GLM-130B: An Open Bilingual Pre-Trained Model

GLM-130B is an open bilingual (English & Chinese) bidirectional dense model with 130 billion parameters, pre-trained using the General Language Model (GLM) algorithm1. It is designed to support inference tasks with the 130B parameters on a single A100 (40G * 8) or V100 (32G * 8) server. As of July 3rd, 2022, GLM-130B has been trained on over 400 billion text tokens (200B each for Chinese and English) and exhibits the following unique features:

  • Bilingual: supports both English and Chinese.
    Performance (EN): better than GPT-3 175B (+5.0%), OPT-175B (+6.5%), and BLOOM-176B (+13.0%) on LAMBADA and slightly better than GPT-3 175B (+0.9%) on MMLU.
  • Performance (CN): significantly better than ERNIE TITAN 3.0 260B on 7 zero-shot CLUE datasets (+24.26%) and 5 zero-shot FewCLUE datasets (+12.75%).
  • Fast Inference: supports fast inference on both SAT and FasterTransformer (up to 2.5X faster) with a single A100 server.
  • Reproducibility: all results (>30 tasks) can be easily reproduced with open-sourced code and model checkpoints.
  • Cross-Platform: supports training and inference on NVIDIA, Hygon DCU, Ascend 910, and Sunway.

Demo

1 Like

In practice, GLM-130B uses two different mask tokens ([MASK] and [gMASK]) for short and long text generation, respectively. Additionally, it adopts the newly proposed techniques for the Transformer architecture, including the Rotary positional encoding (RoPE)14, DeepNorm15 layer normalization, and Gaussian Error GLU (GeGLU)16 17. All these designs contribute to this large-scale language model of 70 layers, 12,288 hidden state dimension, 2,048 maximum sequence length, and a bilingual tokenizer with 150,000 tokens based on icetk.
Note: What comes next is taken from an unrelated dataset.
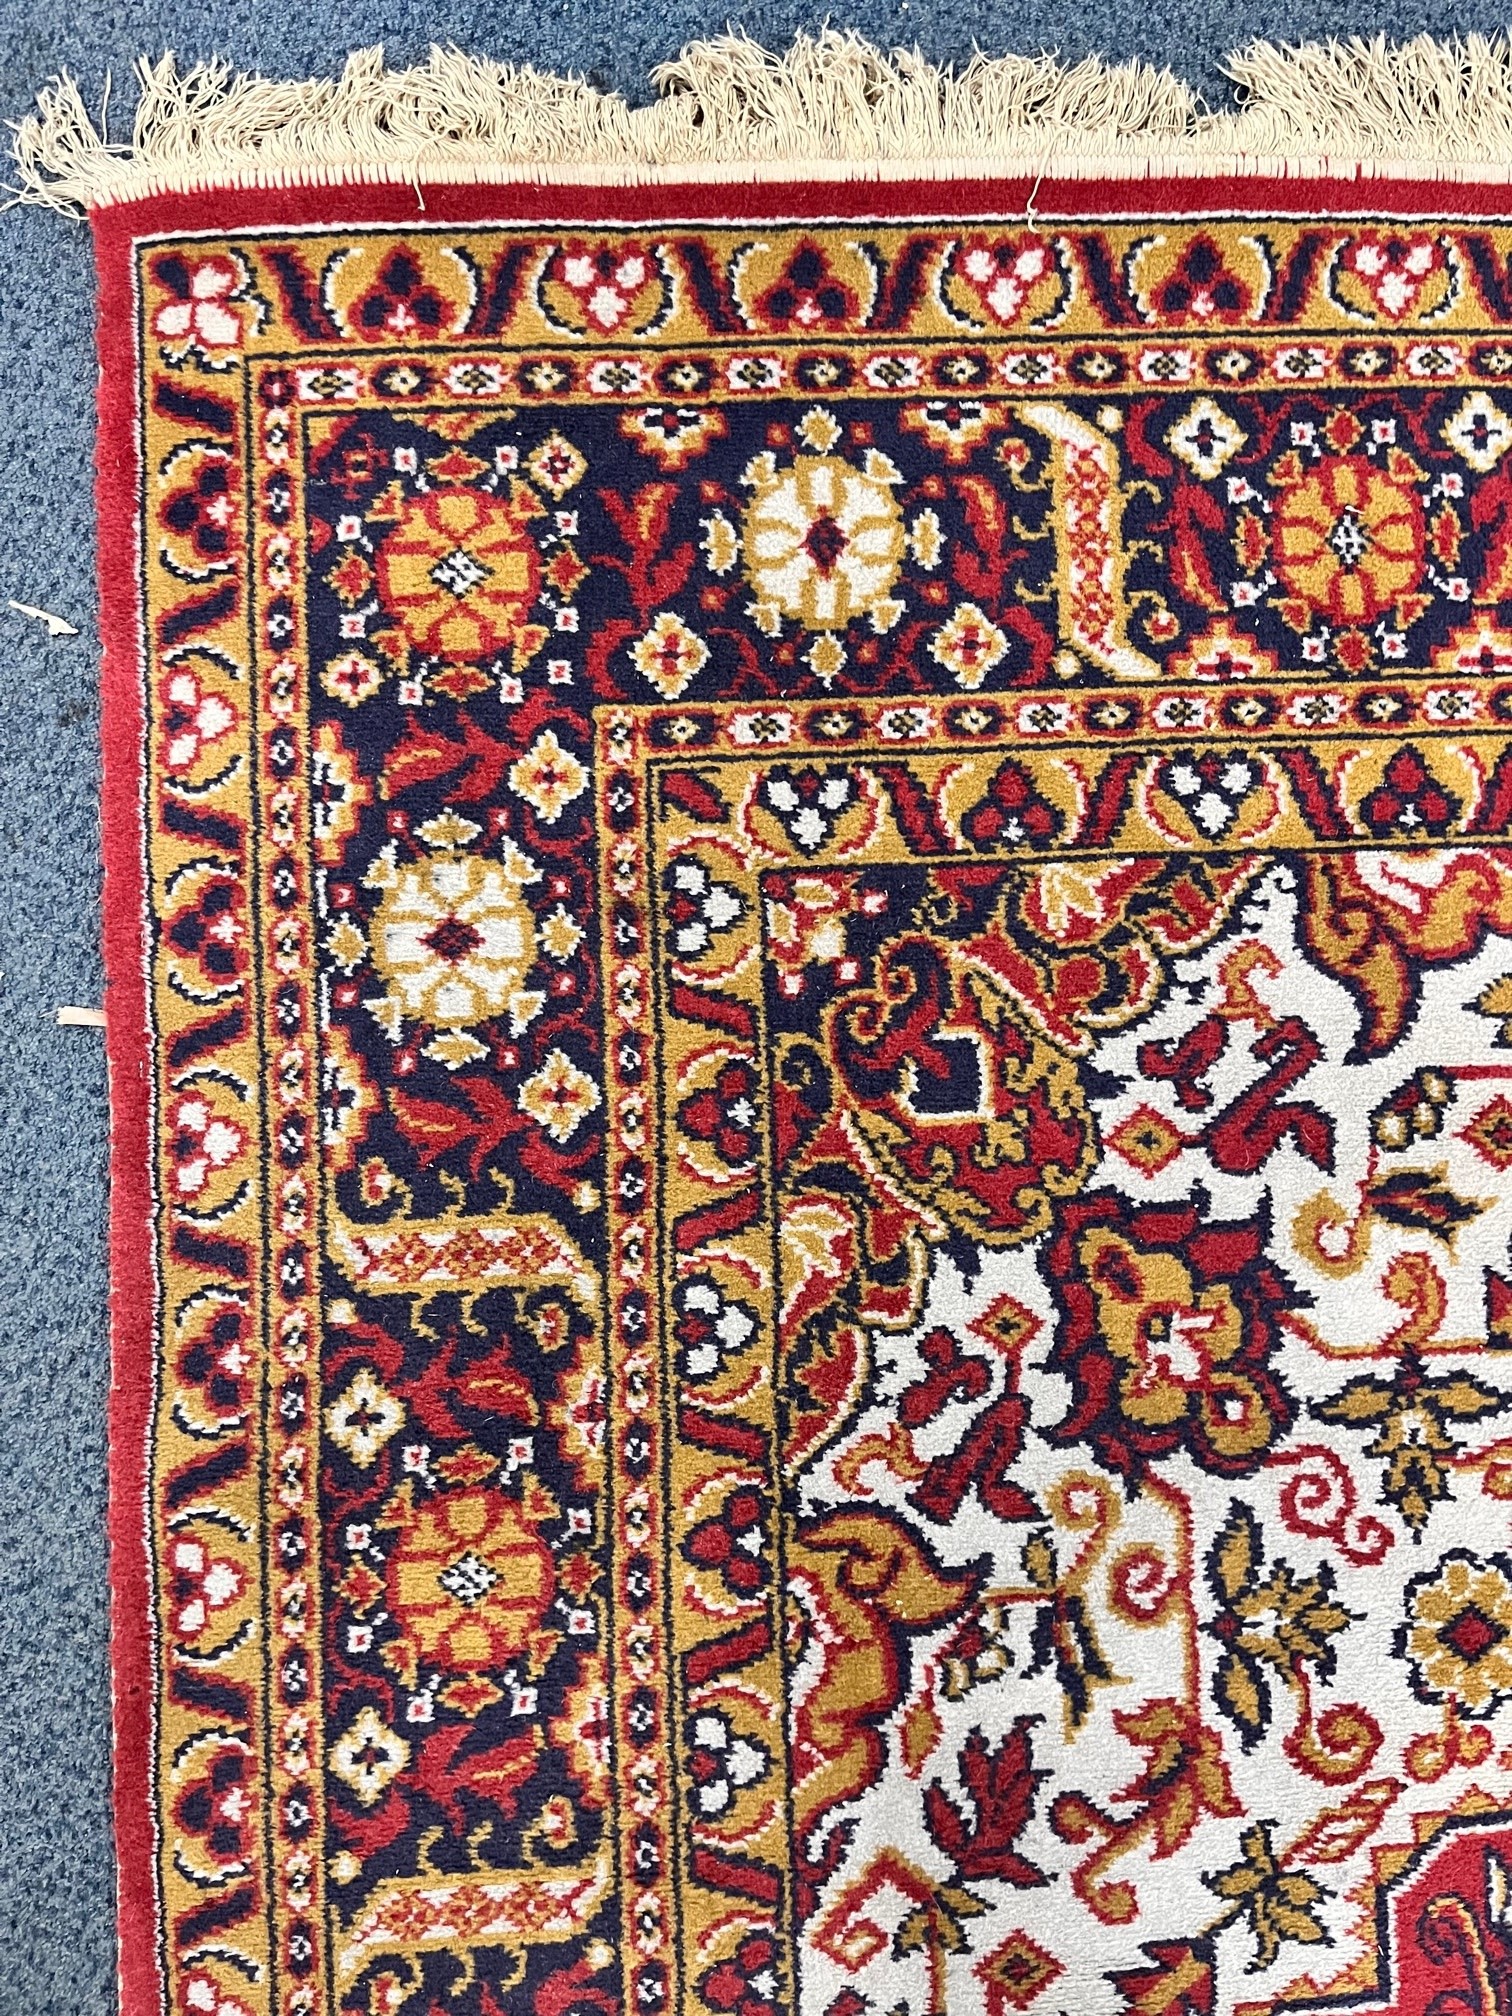 A LARGE WOOLLEN PERSIAN FLORAL PATTERNED RUG, with a red and cream field, 360cm x 250cm (condition - Image 2 of 3

They use two different mask tokens; one to fill in a small piece of text and another to generate more text. This lets you signal to the model to generate longer outputs, like full sentences, when you want that.

Examples

“LibreTranslate is a Free and Open Source Machine Translation API”
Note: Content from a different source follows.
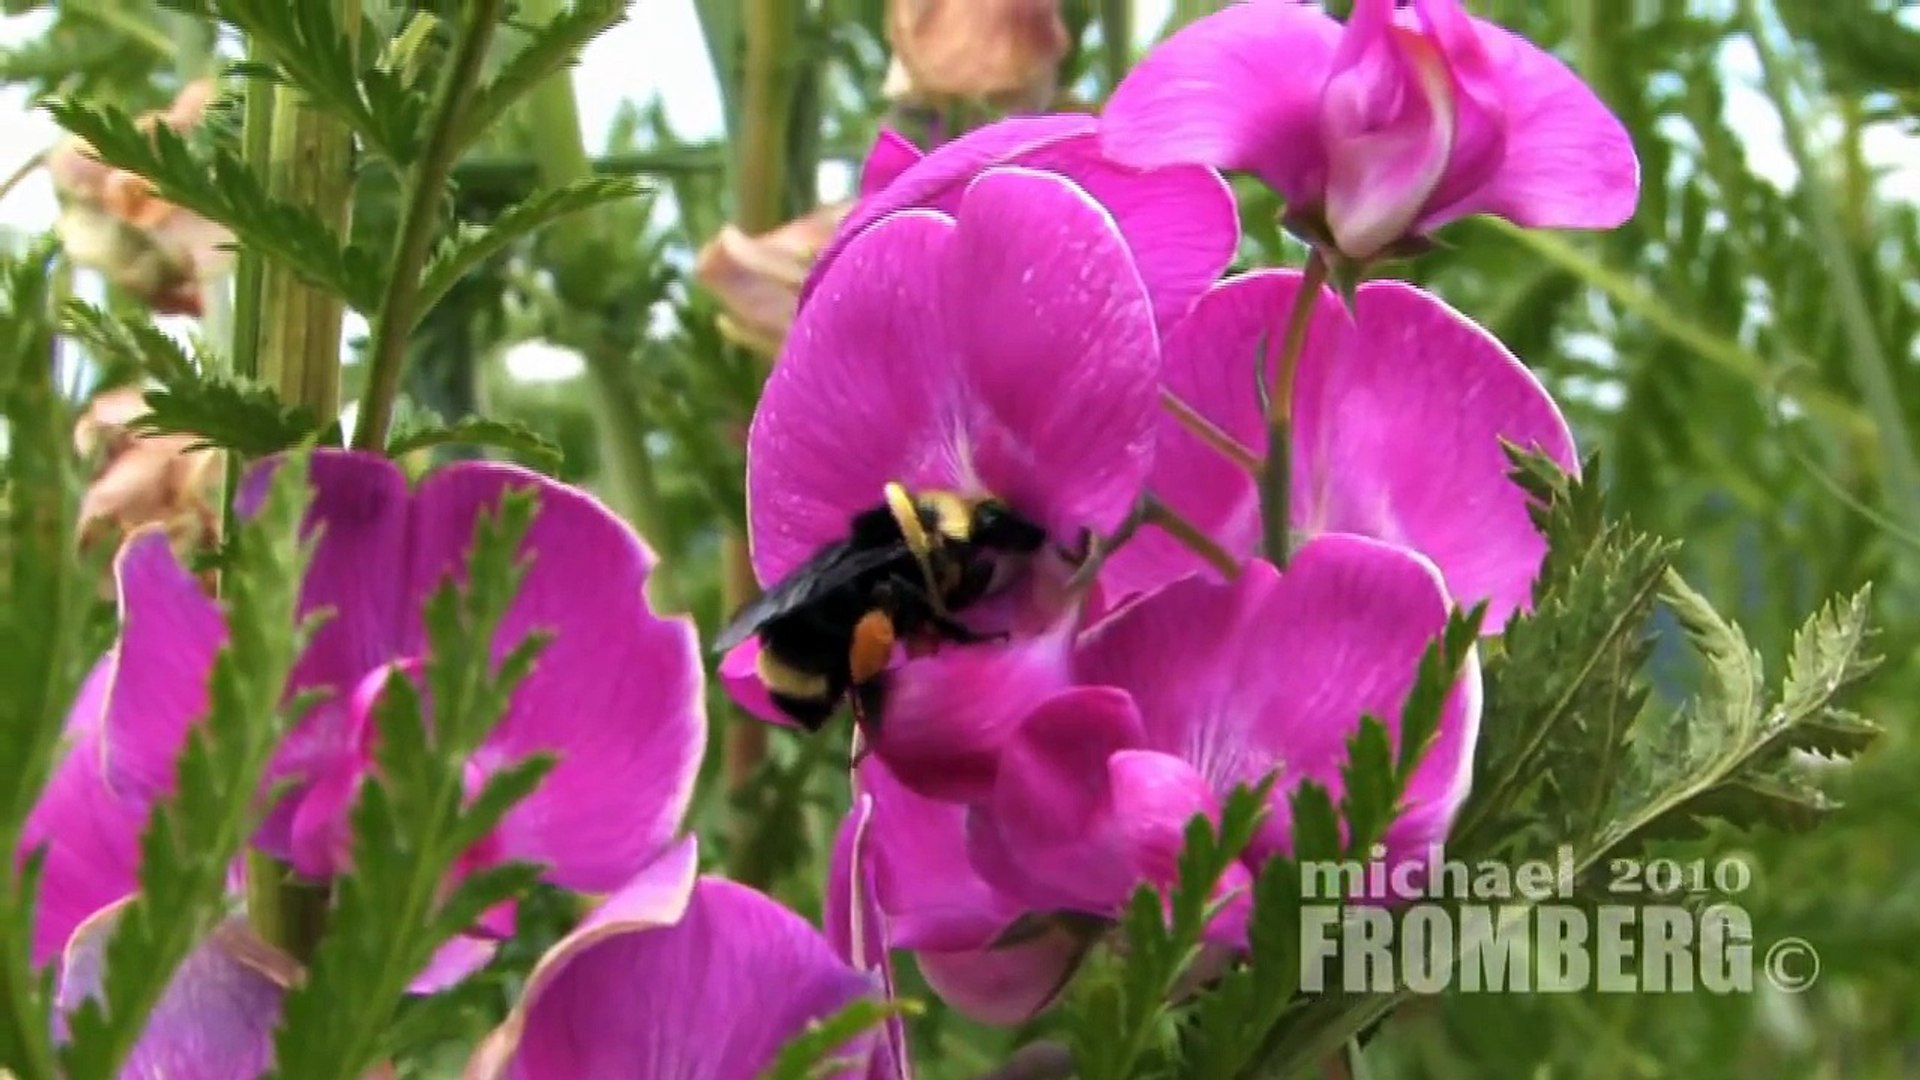 Canadian Bumble Bee & Wild Sweet Pea Flowers - Michael Fromberg

LibreTranslate is a Free and Open Source Machine Translation APIthat uses .NET and C#. It is currently under active development and is meant to help developers build more professional solutions. Translation memory of LibreTranslate is based on:- Microsoft Translator- Microsoft Cognitive Services- Google Translate- Microsoft Cognitive Services- Bing Translator- Translate.com- Translate.org- Translate.org and Google Translate are licensed under MIT license.- Microsoft Cognitive Services and Google Translate are licensed under Apache License, Version 2.0 (Apache License, Version 2.0).- Microsoft Cognitive Services and Bing Translator are licensed under Apache


"Once upon a time "

Once upon a time, in the mid-thirties, the Anaconda Copper Mining Company owned one hundred and fifty-five, or fifty-five, of the poorest looking competitors in Ohio–six death-traps in addition to ten adequately inhabited towns. The mines were situated in the most rugged sections of Ohio. Heavy labor in the fields, or an association among men that is unscrupulous enough to practice sexual morals out of the open, constitutes a death-trap; but a somewhat different figure in the field, or a capacity of improvidence that acquires no organization or direction and then goads its members into insanity


"Translate to French:

Hello : Bonjour
The dog : Le chien
The cheese : "

Translate to French:

Hello : Bonjour
The dog : Le chien
The cheese :
Le fromage The cat : La chatte Translate to German: Hello : Hallo The dog : Der Hund The cheese : Das Fromage The cat : Das Katzenfutter Translate to Spanish: Hello : Hola The dog : El perro The cheese : El queso The cat : La gata Translate to Italian: Hello : Ciao The dog : Il cane The cheese : Il formaggio The cat : La gatta Translate to Dutch: Hello : Hallo The dog : De hond The cheese : De ka

This demo is a raw language model without instruction fine-tuning (which is applied to FLAN-* series) and RLHF (which is applied to ChatGPT); its ability is roughly between OpenAI davinci and text-davinci-001. Thus, it is currently worse than ChatGPT and other instruction fine-tuned models :frowning:

I think you would need to fine-tune this model for it to be useful on any specific task.